This ECL Tip spotlights the top ten most common Enterprise Control Language (ECL) compiler/runtime errors, and how to correct them. Developers often encounter these specific errors while learning ECL. Most of these errors are easy to fix, but it is important to understand what the error message is saying and what needs to be corrected.
Bob Foreman, a technical trainer at LexisNexis Risk Solutions, spotlighted The Top Ten Common ECL Compiler/Runtime Errors, during HPCC Systems Tech Talk 12, as part of his monthly “ECL Tips.” Bob is a frequent contributor to our Tech Talks, and provides valuable information on programming with Enterprise Control Language (ECL).
In this blog, we will discuss the Top Ten Common ECL Compiler/Runtime Errors, what the errors mean, and how to correct them.
ECL Error Basics
Errors in ECL fall into two categories, compiler and runtime.
- Compiler errors are related to syntax or improper references to other Definitions.
NOTE: The compiler gives descriptive instructions on how to correct errors.
- Runtime (or system) errors are errors that prevent a submitted workunit (ECL job) from completing. Runtime errors are often easily corrected.

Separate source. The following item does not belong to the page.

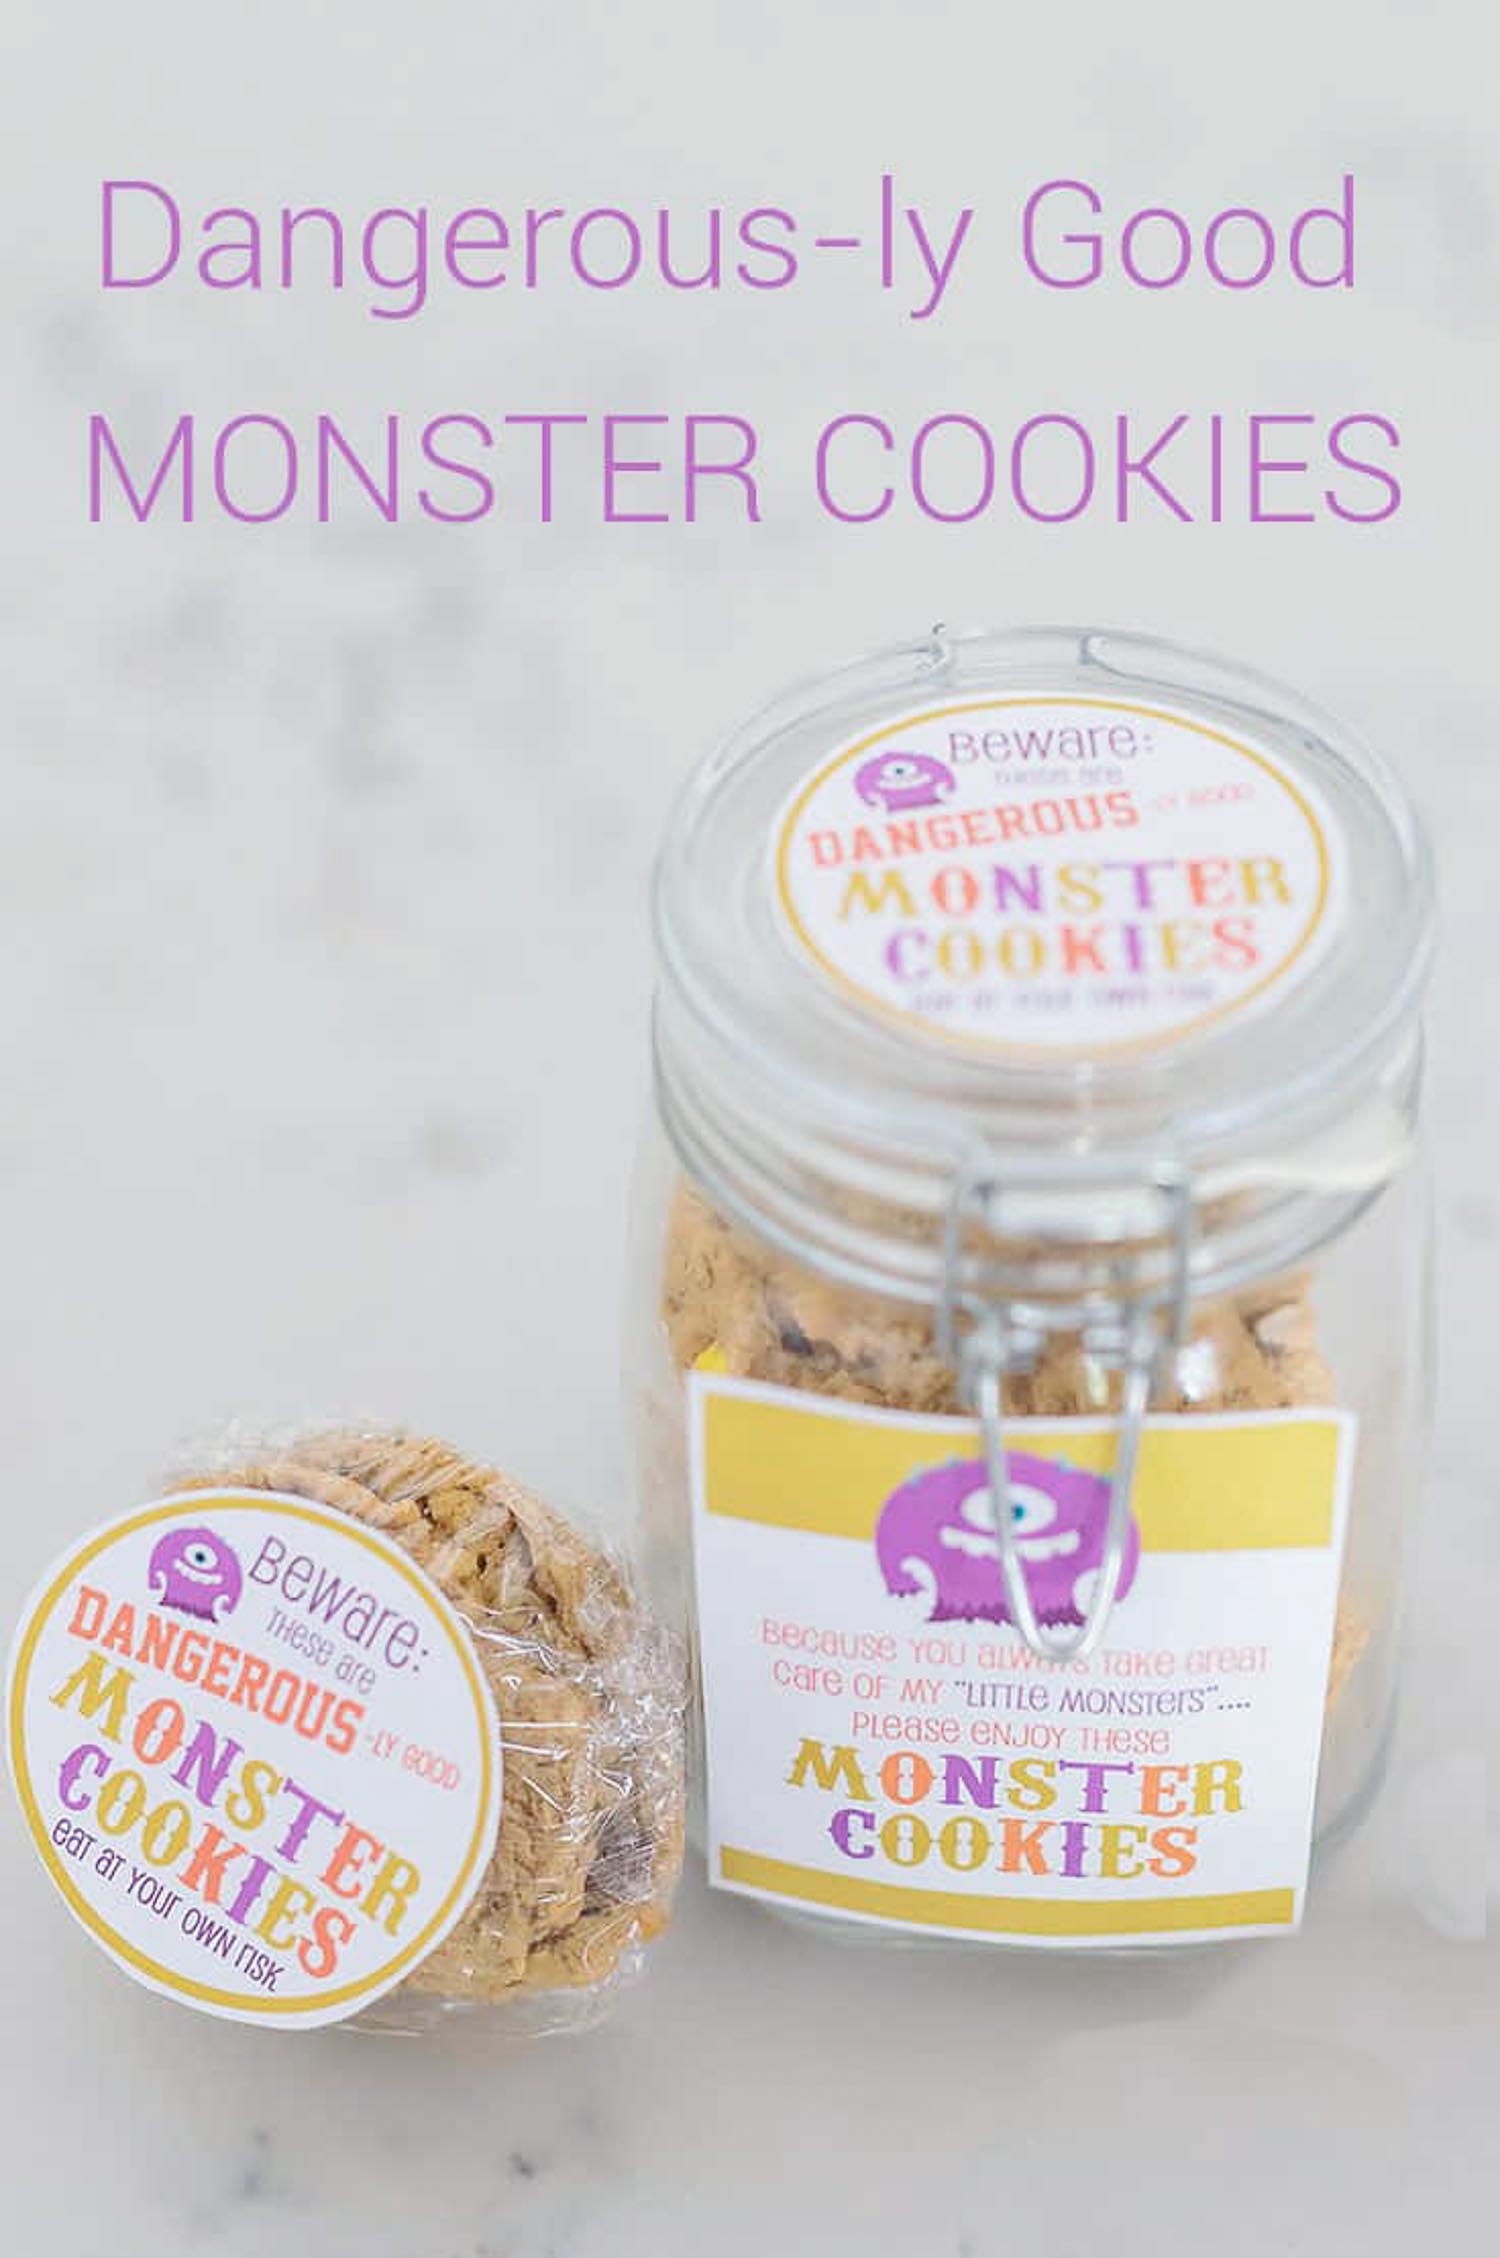 Jars of cookies with labels that warn of dangerous monster cookies.

Let’s take a look at the Top Ten ECL Compiler/Runtime Errors.
Number 10 –The Workunit Assassin
Error: System error: 10056: THOR ABORT
This runtime (system) error occurs when a workunit (ECL job) that has been submitted is aborted. An ECL job may be aborted by an administrator if there are issues, such as running too long, and/or preventing other jobs from processing in a timely manner.
To fix this error find out who killed your workunit and why, then restart your workunit when all is clear. To identify the person that aborted your workunit, go to ECL Watch and look under the “Aborted by” field.
Number 9 –Unfriended Node
Error: System error: 4: MP link closed (<ipaddress>:<port>)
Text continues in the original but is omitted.